Within these trials, different methods of analyzing the data can produce different efficacy estimates. The most common approach, called intention-to-treat analysis, includes every patient who was randomly assigned to a group, regardless of whether they actually followed the treatment plan. This gives a conservative, real-world-leaning estimate because it accounts for people who dropped out or didn’t take their medication as directed.
A per-protocol analysis, by contrast, only looks at patients who followed the study rules completely. This tends to show a larger treatment effect because it strips out the noise of non-adherence. Both numbers are informative. The intention-to-treat result tells you what to expect when you assign a treatment to a population. The per-protocol result tells you what’s possible when patients stick with it perfectly. In one major heart rhythm trial (CABANA), the intention-to-treat analysis showed no statistically significant benefit of one procedure over drug therapy, but the per-protocol analysis showed a meaningfully larger effect, highlighting how adherence alone can shift the apparent efficacy of a treatment.
What Gets Measured as an “Outcome”
Efficacy is only as meaningful as the outcome it’s measuring, and not all trials measure the thing you’d most care about. Sometimes researchers use surrogate endpoints: lab values or biomarkers that stand in for the actual health outcome. Blood pressure reduction, for example, is a validated surrogate for stroke risk. Decades of trials have confirmed that lowering systolic blood pressure reliably reduces the chance of stroke, so a blood pressure trial doesn’t need to wait years for strokes to occur. It can measure blood pressure changes over a shorter period in a smaller group.
This approach makes trials faster and more practical, but surrogate endpoints aren’t always reliable proxies. A drug might improve a lab number without actually making patients live longer or feel better. When reading about a treatment’s efficacy, it’s worth noting whether the trial measured something you’d directly care about (survival, symptom relief, fewer hospitalizations) or a surrogate marker that may or may not translate to those outcomes.
How the FDA Uses Efficacy for Approval
For a new drug or biologic to reach the market in the United States, the FDA requires “substantial evidence of effectiveness.” For decades, this was interpreted as needing at least two adequate, well-controlled clinical trials showing the treatment works. In 1997, Congress introduced more flexibility: a single trial plus confirmatory evidence could also meet the standard.
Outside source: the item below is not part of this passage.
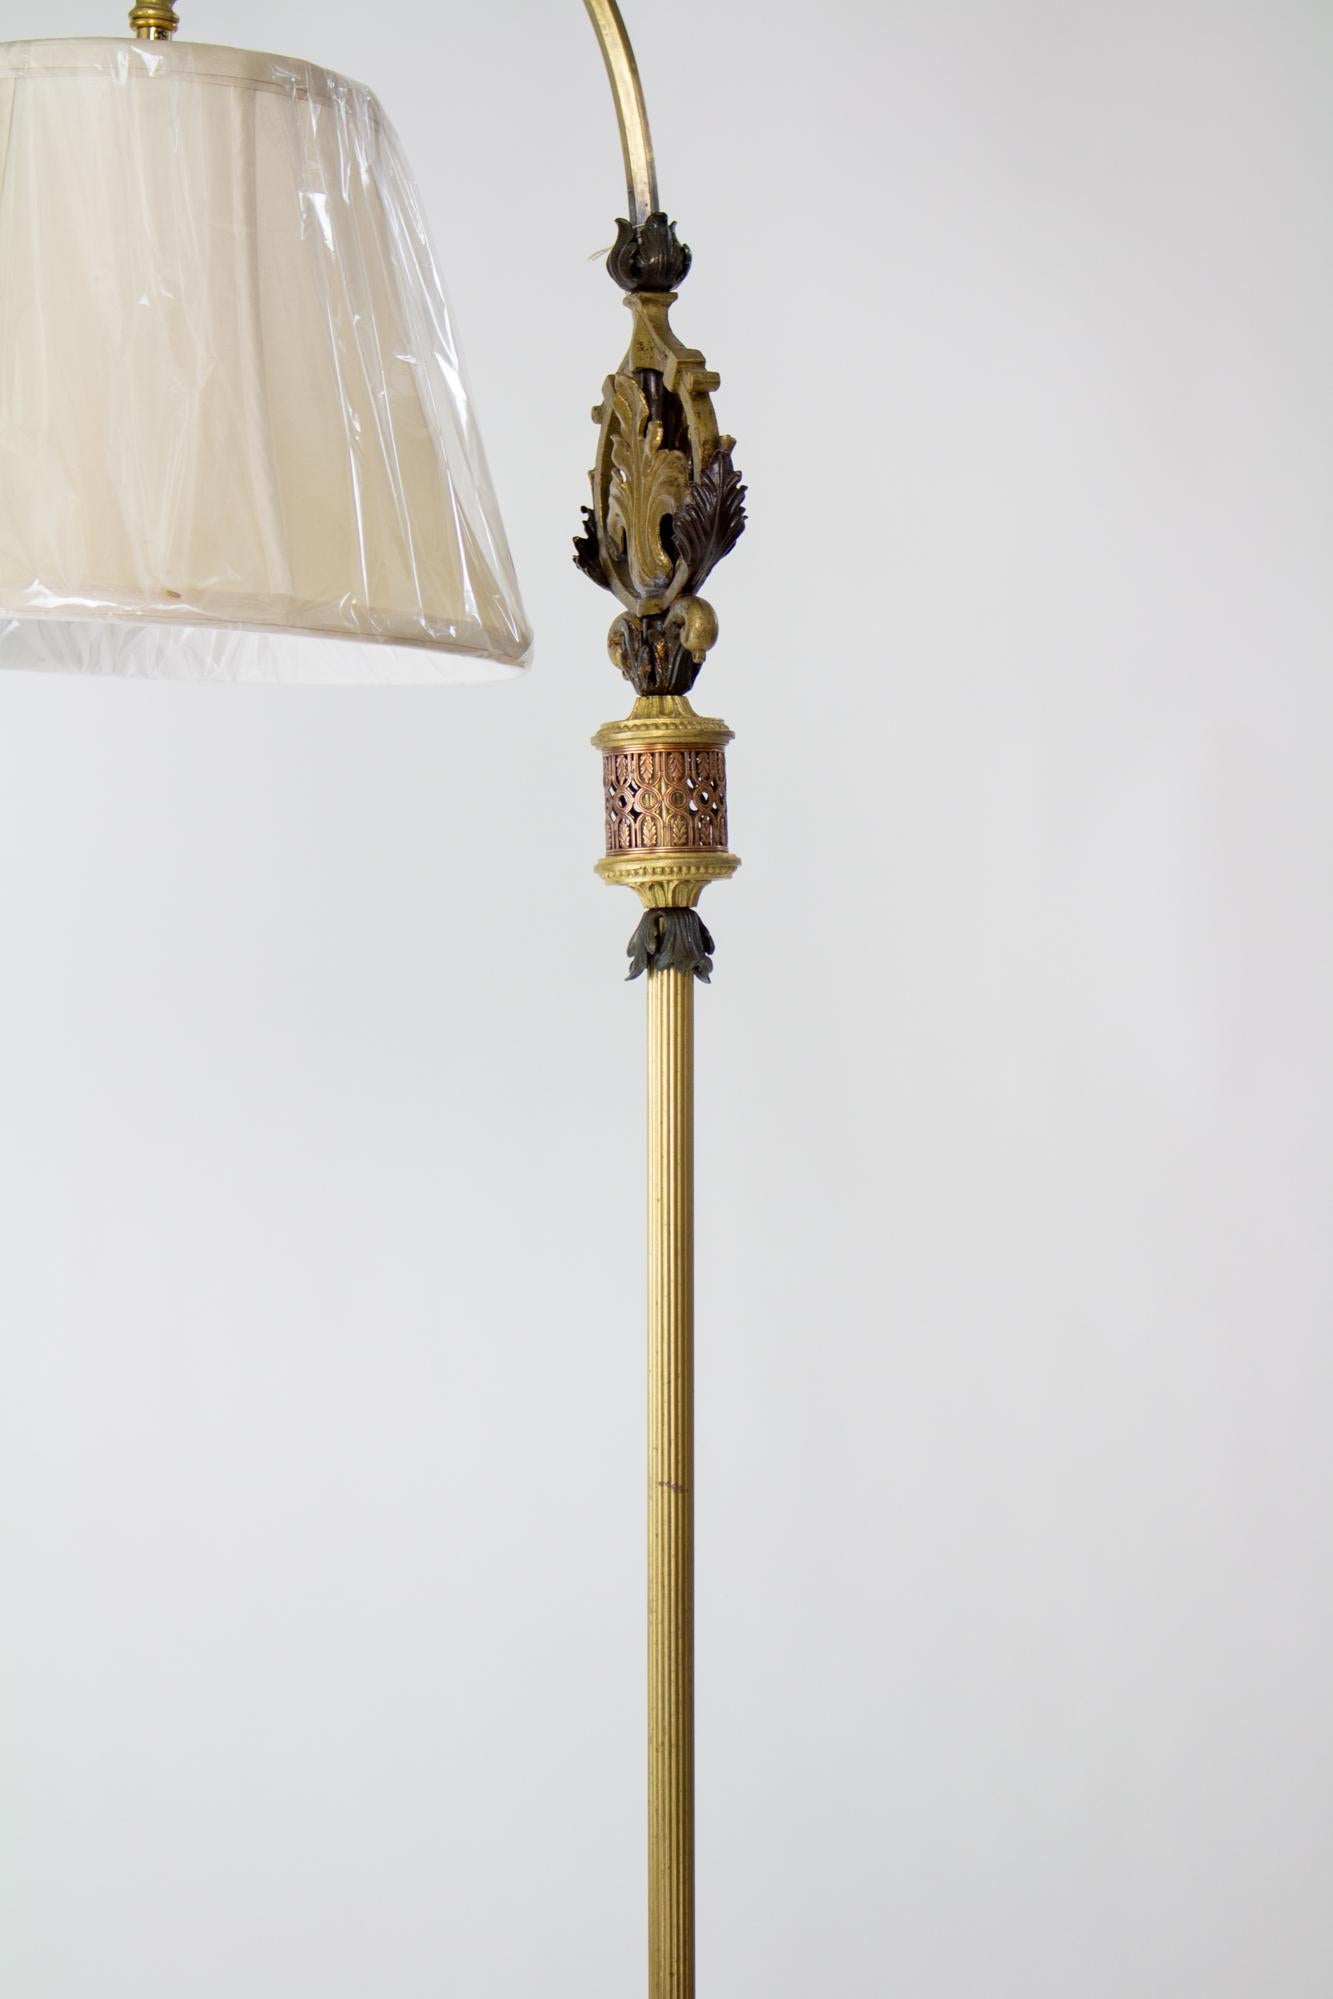 1920’s rococo revival cast iron and brass bridge lamp with shade. Ornate mix of cast iron and brass along the base and stem with foliate patterns. Curved arm holds the shade. American. The shade is new, bell shaped with a Uno fitter in a cream

Beyond the number of trials, the FDA considers the strength of the evidence holistically. Trial design, the endpoints chosen, statistical methods, and the size of the observed effect all factor in. A treatment for a life-threatening disease with no existing options might be approved on less extensive evidence than one entering a crowded market for a mild condition. The standard isn’t a single fixed threshold but a judgment call that weighs certainty of benefit against the urgency of the medical need.
Why the Distinction Matters to You
When you see a headline saying a new vaccine is “95% effective” or a drug “cuts risk by half,” those numbers almost always come from efficacy trials conducted under controlled conditions. They represent the ceiling of what the treatment can do. Real-world performance typically comes in somewhat lower, not because the treatment failed, but because life introduces variability that clinical trials are designed to eliminate.
Knowing this doesn’t mean you should distrust efficacy data. It means you can interpret it more accurately. A treatment with high efficacy that also shows strong effectiveness in follow-up studies is one you can feel genuinely confident about. And when relative risk reductions sound dramatic, converting them to absolute numbers gives you a grounded sense of how much difference the treatment is likely to make for someone like you.